RegisteredRpcConnection#start 方法负责建立连接操作.

   // ------------------------------------------------------------------------
    //  Life cycle
    // ------------------------------------------------------------------------

    public void start() {
        checkState(!closed, "The RPC connection is already closed");
        checkState(
                !isConnected() && pendingRegistration == null,
                "The RPC connection is already started");

        // 构建注册... ,  生成 generateRegistration
        final RetryingRegistration<F, G, S> newRegistration = createNewRegistration();


        if (REGISTRATION_UPDATER.compareAndSet(this, null, newRegistration)) {
            // 开始注册...
            // 注册成功之后,调用startRegistration
            newRegistration.startRegistration();
        } else {
            // concurrent start operation
            newRegistration.cancel();
        }
    }

RegisteredRpcConnection#createNewRegistration


    // ------------------------------------------------------------------------
    //  Internal methods
    // ------------------------------------------------------------------------

    private RetryingRegistration<F, G, S> createNewRegistration() {

        // 生成注册 : JobMaster: generateRegistration 方法
        RetryingRegistration<F, G, S> newRegistration = checkNotNull(generateRegistration());

        CompletableFuture<Tuple2<G, S>> future = newRegistration.getFuture();

        future.whenCompleteAsync(
                (Tuple2<G, S> result, Throwable failure) -> {
                    if (failure != null) {
                        if (failure instanceof CancellationException) {
                            // we ignore cancellation exceptions because they originate from
                            // cancelling
                            // the RetryingRegistration
                            log.debug(
                                    "Retrying registration towards {} was cancelled.",
                                    targetAddress);
                        } else {
                            // this future should only ever fail if there is a bug, not if the
                            // registration is declined
                            onRegistrationFailure(failure);
                        }
                    } else {
                        // 注册成功...
                        targetGateway = result.f0;
                        onRegistrationSuccess(result.f1);
                    }
                },
                executor);

        return newRegistration;
    }

TaskExecutorToResourceManagerConnection#generateRegistration
生成注册

    @Override
    protected RetryingRegistration<
                    ResourceManagerId, ResourceManagerGateway, TaskExecutorRegistrationSuccess>
            generateRegistration() {
        // 构建生成 TaskExecutorToResourceManagerConnection
        return new TaskExecutorToResourceManagerConnection.ResourceManagerRegistration(
                log,
                rpcService,
                getTargetAddress(),
                getTargetLeaderId(),
                retryingRegistrationConfiguration,
                taskExecutorRegistration);
    }

2.6. RetryingRegistration#startRegistration();

注册成功之后,调用startRegistration

  • connect 建立连接…
  • register 向RM 注册
  • startRegistrationLater
   /**
     * This method resolves the target address to a callable gateway and starts the registration
     * after that.
     */
    @SuppressWarnings("unchecked")
    public void startRegistration() {
        if (canceled) {
            // we already got canceled
            return;
        }

        try {
            // trigger resolution of the target address to a callable gateway
            final CompletableFuture<G> rpcGatewayFuture;

            if (FencedRpcGateway.class.isAssignableFrom(targetType)) {
                rpcGatewayFuture =
                        (CompletableFuture<G>)

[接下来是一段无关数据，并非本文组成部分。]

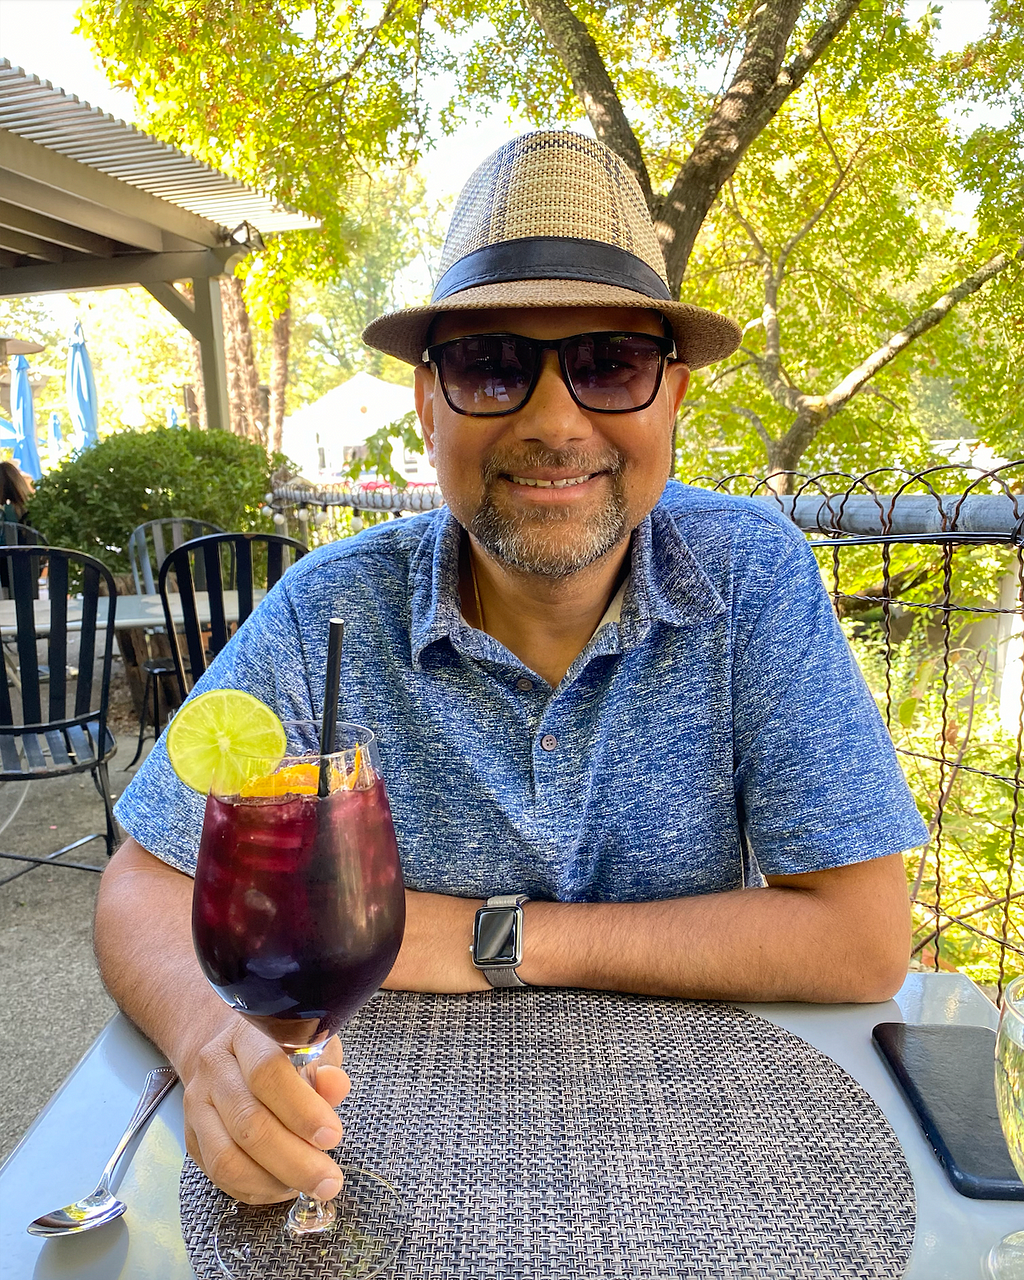 Dad smiling at mom while drinking Sangria in his beloved fedora.

                                // 建立连接....
                                rpcService.connect(
                                        targetAddress,
                                        fencingToken,
                                        targetType.asSubclass(FencedRpcGateway.class));
            } else {
                rpcGatewayFuture = rpcService.connect(targetAddress, targetType);
            }

            // upon success, start the registration attempts
            CompletableFuture<Void> rpcGatewayAcceptFuture =
                    rpcGatewayFuture.thenAcceptAsync(
                            (G rpcGateway) -> {
                                log.info("Resolved {} address, beginning registration", targetName);

                                // 执行注册操作
                                register(
                                        rpcGateway,
                                        1,
                                        retryingRegistrationConfiguration
                                                .getInitialRegistrationTimeoutMillis());
                            },
                            rpcService.getExecutor());

            // upon failure, retry, unless this is cancelled
            rpcGatewayAcceptFuture.whenCompleteAsync(
                    (Void v, Throwable failure) -> {
                        if (failure != null && !canceled) {
                            final Throwable strippedFailure =
                                    ExceptionUtils.stripCompletionException(failure);
                            if (log.isDebugEnabled()) {
                                log.debug(
                                        "Could not resolve {} address {}, retrying in {} ms.",
                                        targetName,
                                        targetAddress,
                                        retryingRegistrationConfiguration.getErrorDelayMillis(),
                                        strippedFailure);
                            } else {
                                log.info(
                                        "Could not resolve {} address {}, retrying in {} ms: {}",
                                        targetName,
                                        targetAddress,
                                        retryingRegistrationConfiguration.getErrorDelayMillis(),
                                        strippedFailure.getMessage());
                            }

                            // 开展注册
                            startRegistrationLater(
                                    retryingRegistrationConfiguration.getErrorDelayMillis());
                        }
                    },
                    rpcService.getExecutor());
        } catch (Throwable t) {
            completionFuture.completeExceptionally(t);
            cancel();
        }
    }

RetryingRegistration#register 注册的时候会调用 invokeRegistration 方法

		// 开始注册的时候 RetryingRegistration#register 方法
        // 会 调用 invokeRegistration 方法
        @Override
        protected CompletableFuture<RegistrationResponse> invokeRegistration(
                ResourceManagerGateway resourceManager,
                ResourceManagerId fencingToken,
                long timeoutMillis)
                throws Exception {

            Time timeout = Time.milliseconds(timeoutMillis);

            // ResourceManager#registerTaskExecutor
            // 注册 TaskExecutor
            return resourceManager.registerTaskExecutor(taskExecutorRegistration, timeout);
        }

RetryingRegistration#register 中的代码片段… 会调用invokeRegistration 方法

			// [重点]注册的时候会调用 invokeRegistration 方法 .................
            // TaskExecutorToResourceManagerConnection#invokeRegistration
            CompletableFuture<RegistrationResponse> registrationFuture =
                    invokeRegistration(gateway, fencingToken, timeoutMillis)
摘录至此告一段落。